■ **Brief**:
Return the following data exactly, with all pictures left out.

■ **Collected data**:
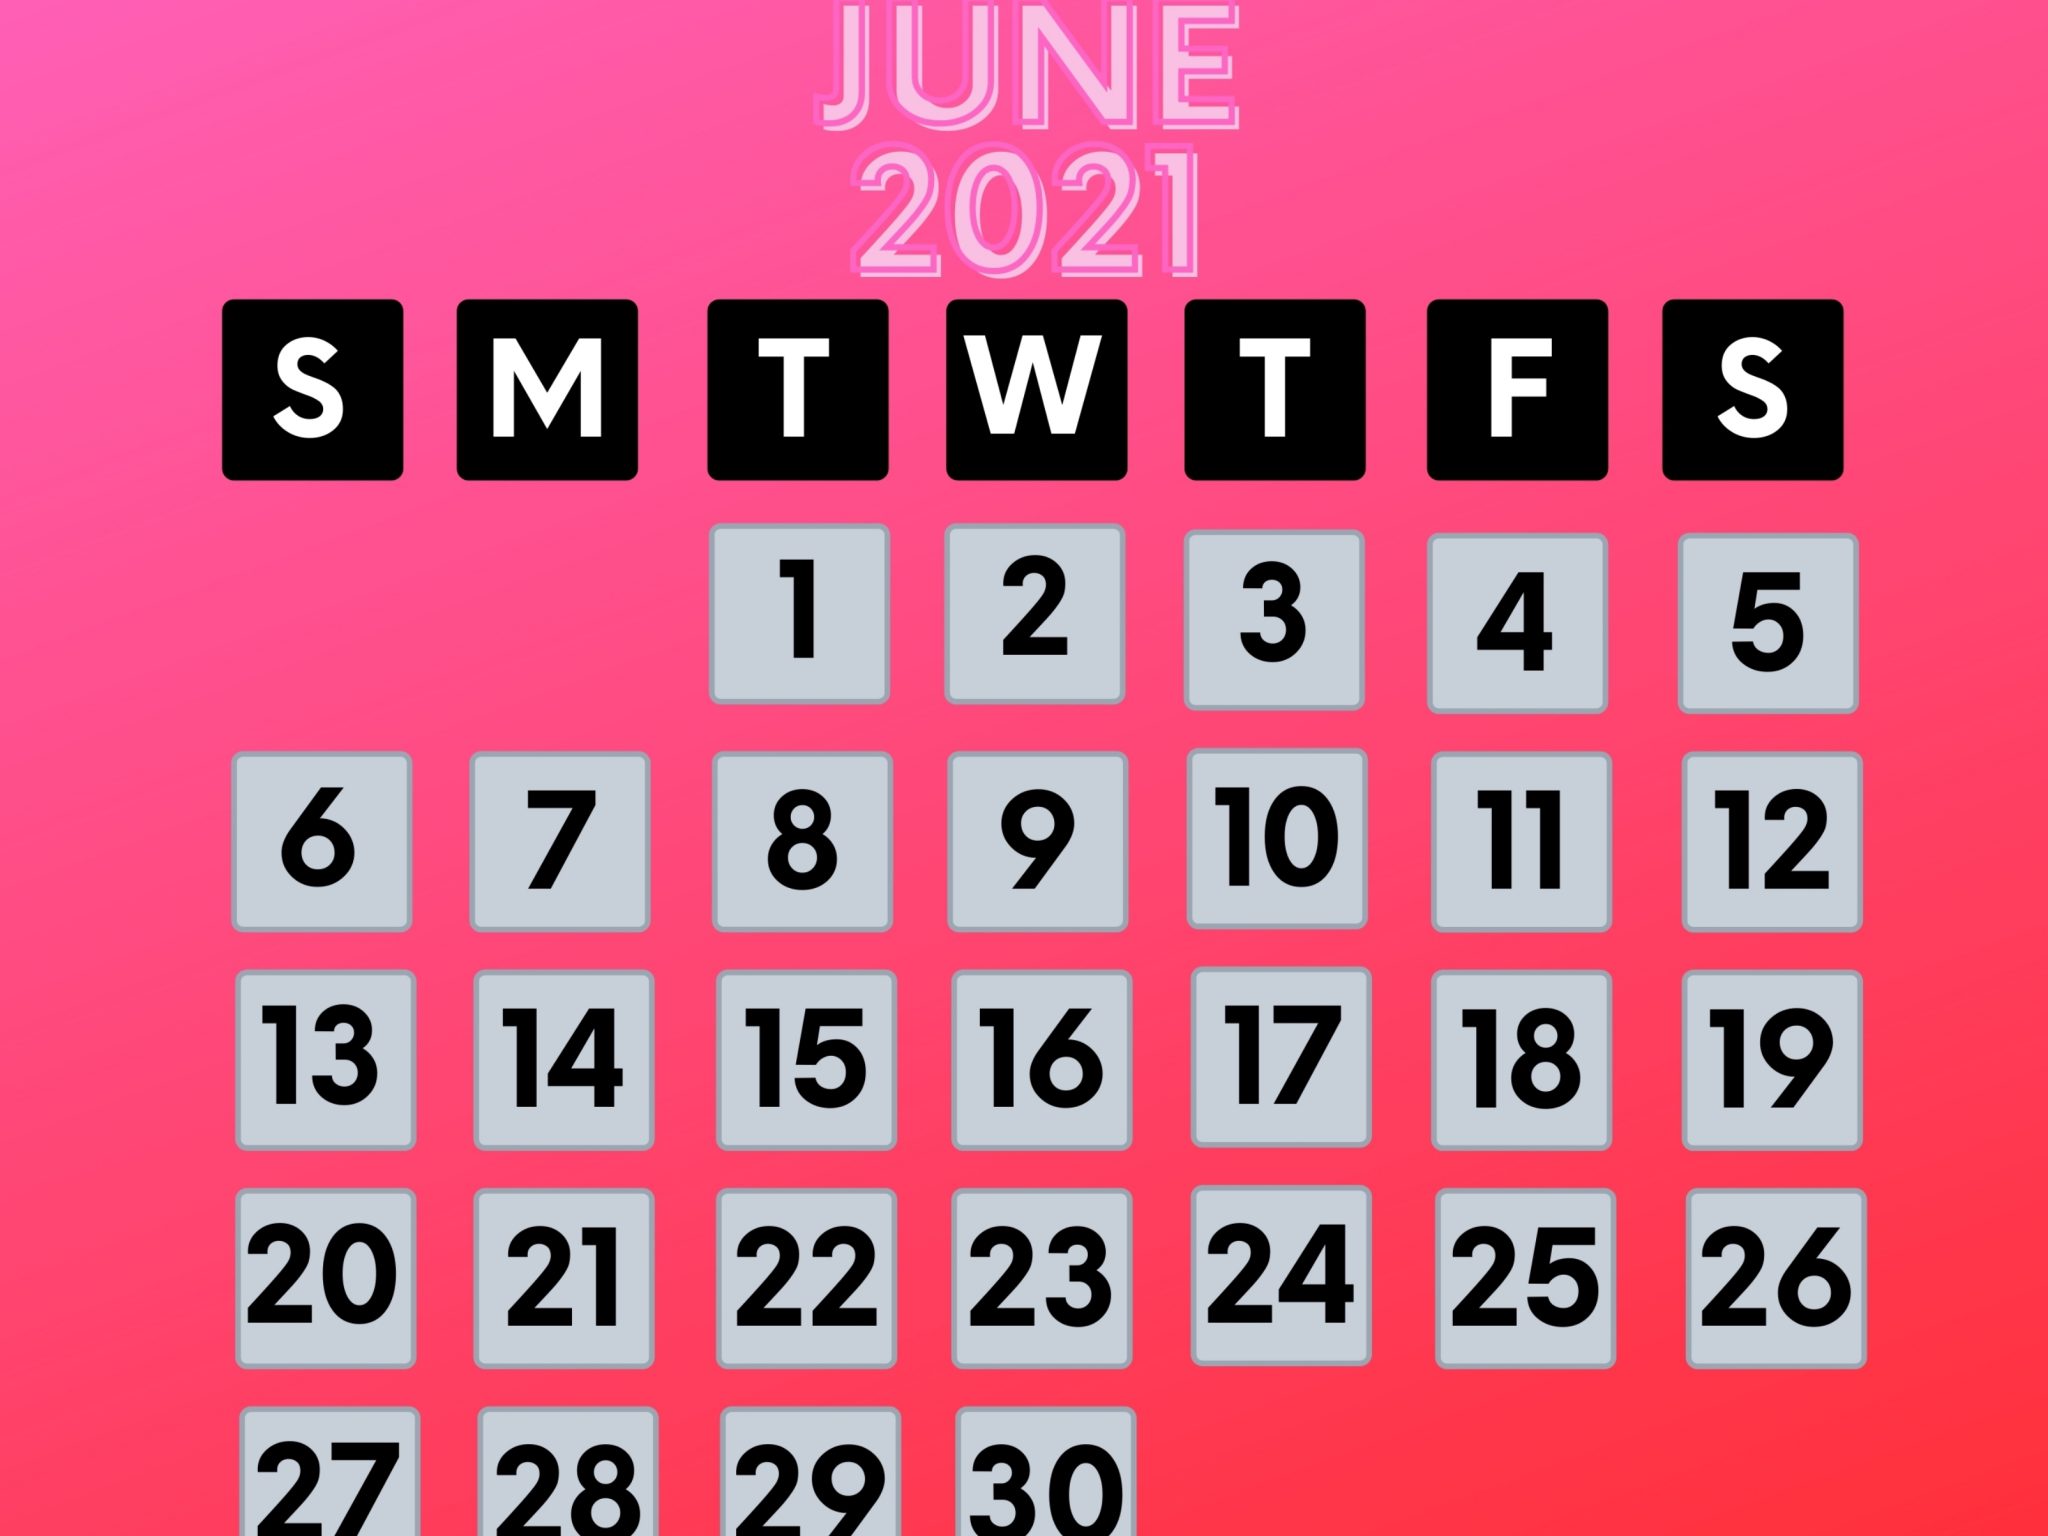 2048x1536 wallpaper June 2021 Calendar iPad Wallpaper 2048x1536 pixels resolution
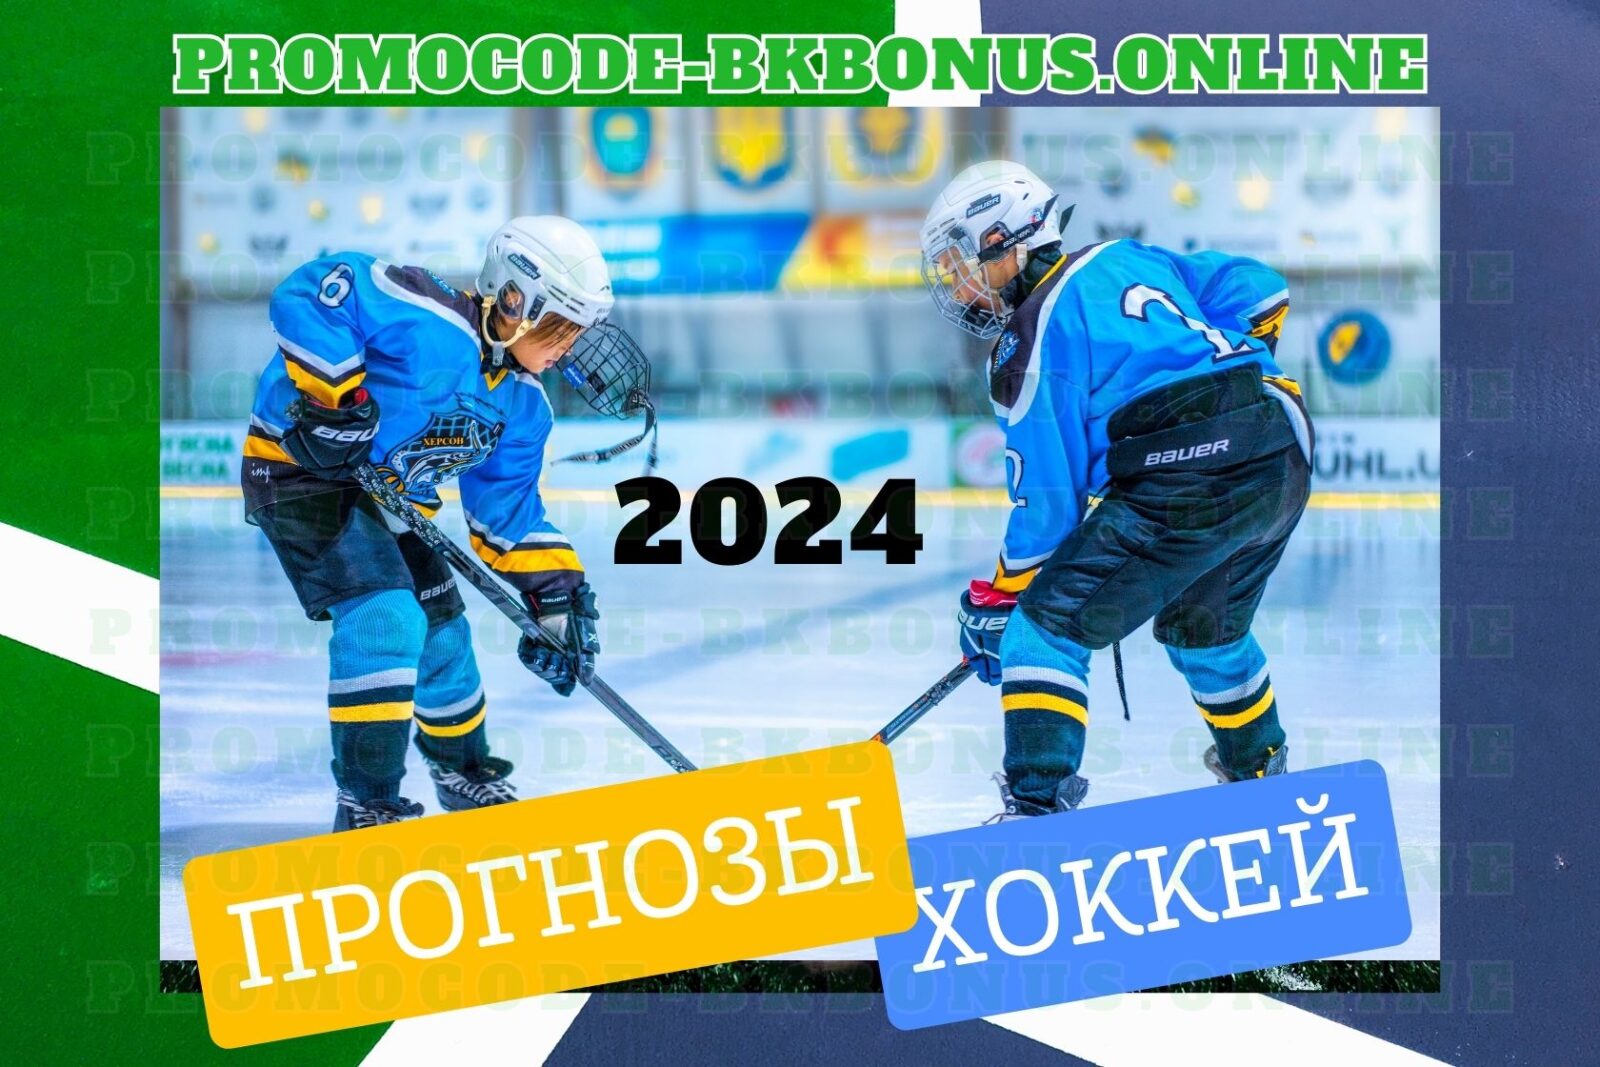 Прогнозы на хоккейные события в 2024 году.
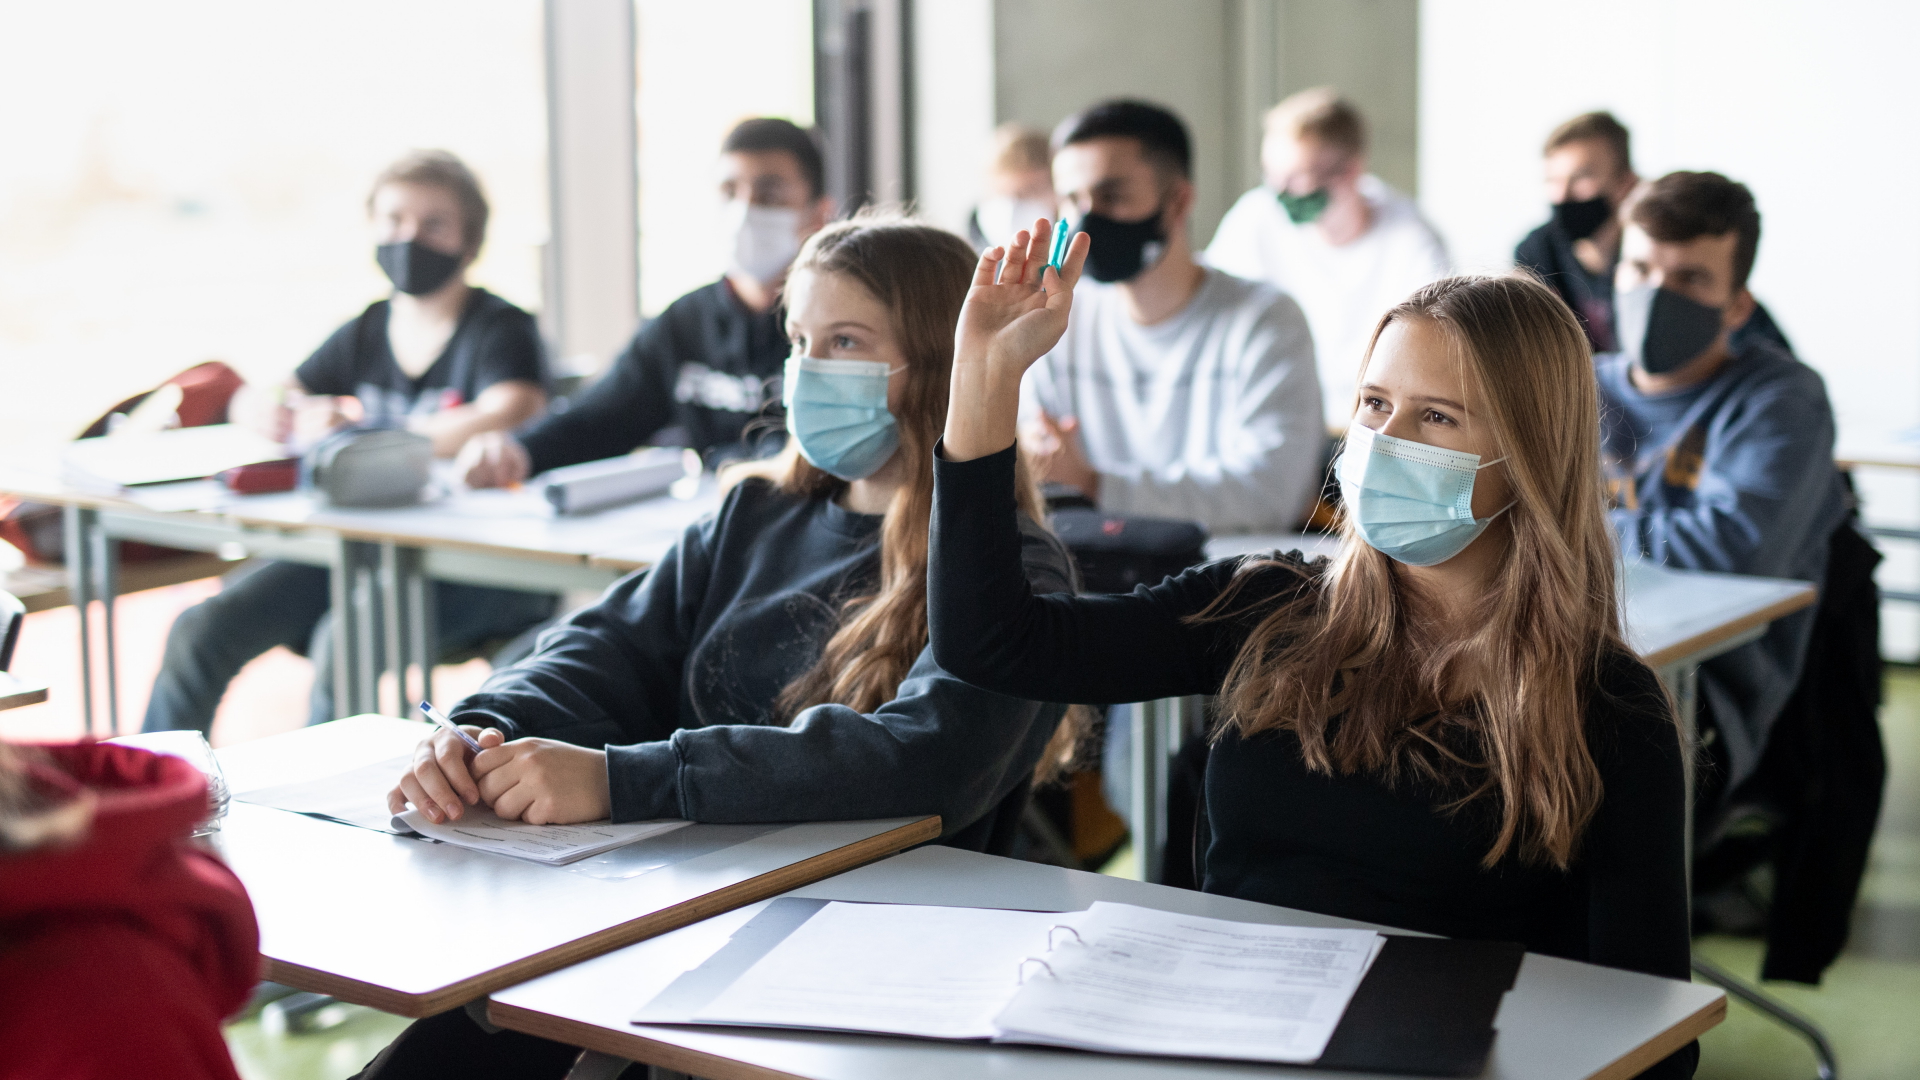 Schülerinnen und Schüler in München nehmen mit Mund- und Nasenschutz am Unterricht teil. (Archivbild)| Bildquelle: dpa
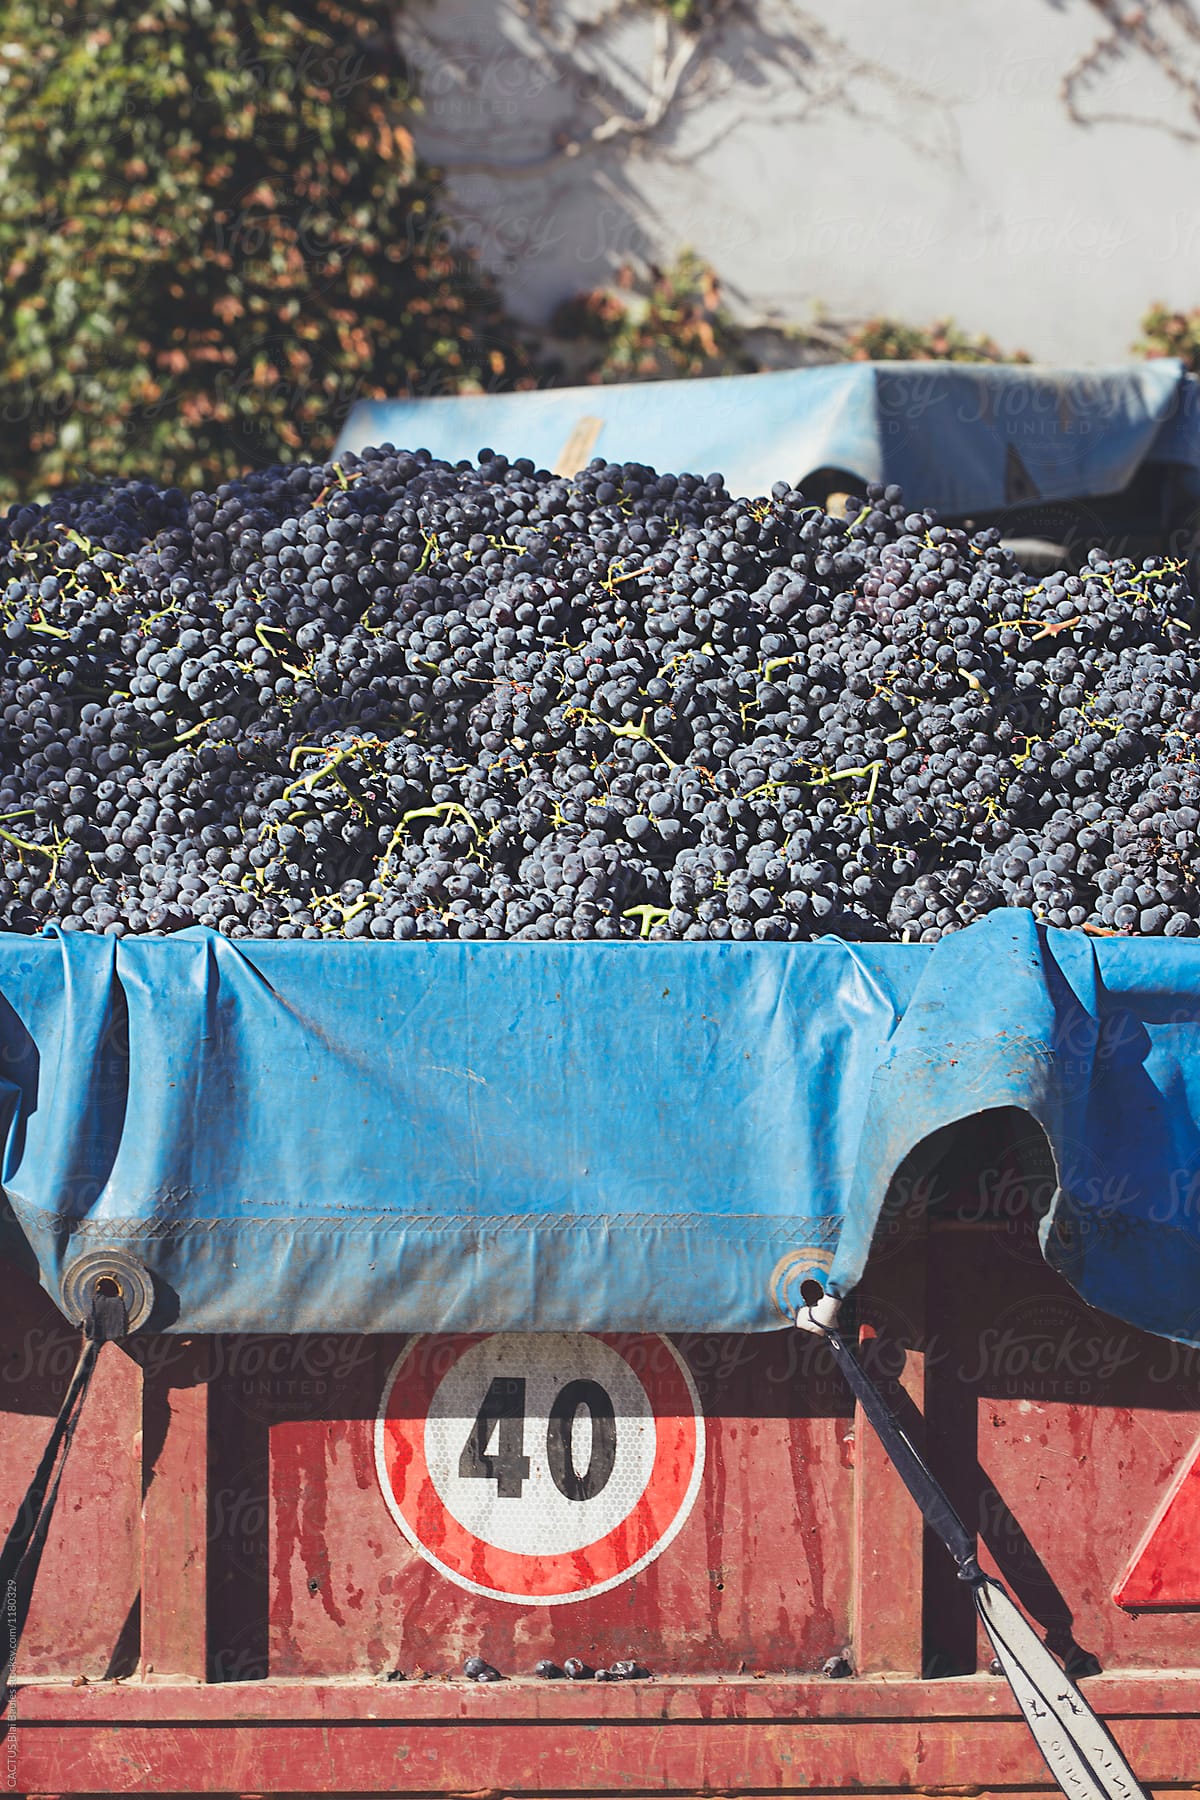 Wine grape harvest

■ **Output for this exercise**:
 2048x1536 wallpaper June 2021 Calendar iPad Wallpaper 2048x1536 pixels resolution
 Прогнозы на хоккейные события в 2024 году.
 Schülerinnen und Schüler in München nehmen mit Mund- und Nasenschutz am Unterricht teil. (Archivbild)| Bildquelle: dpa
 Wine grape harvest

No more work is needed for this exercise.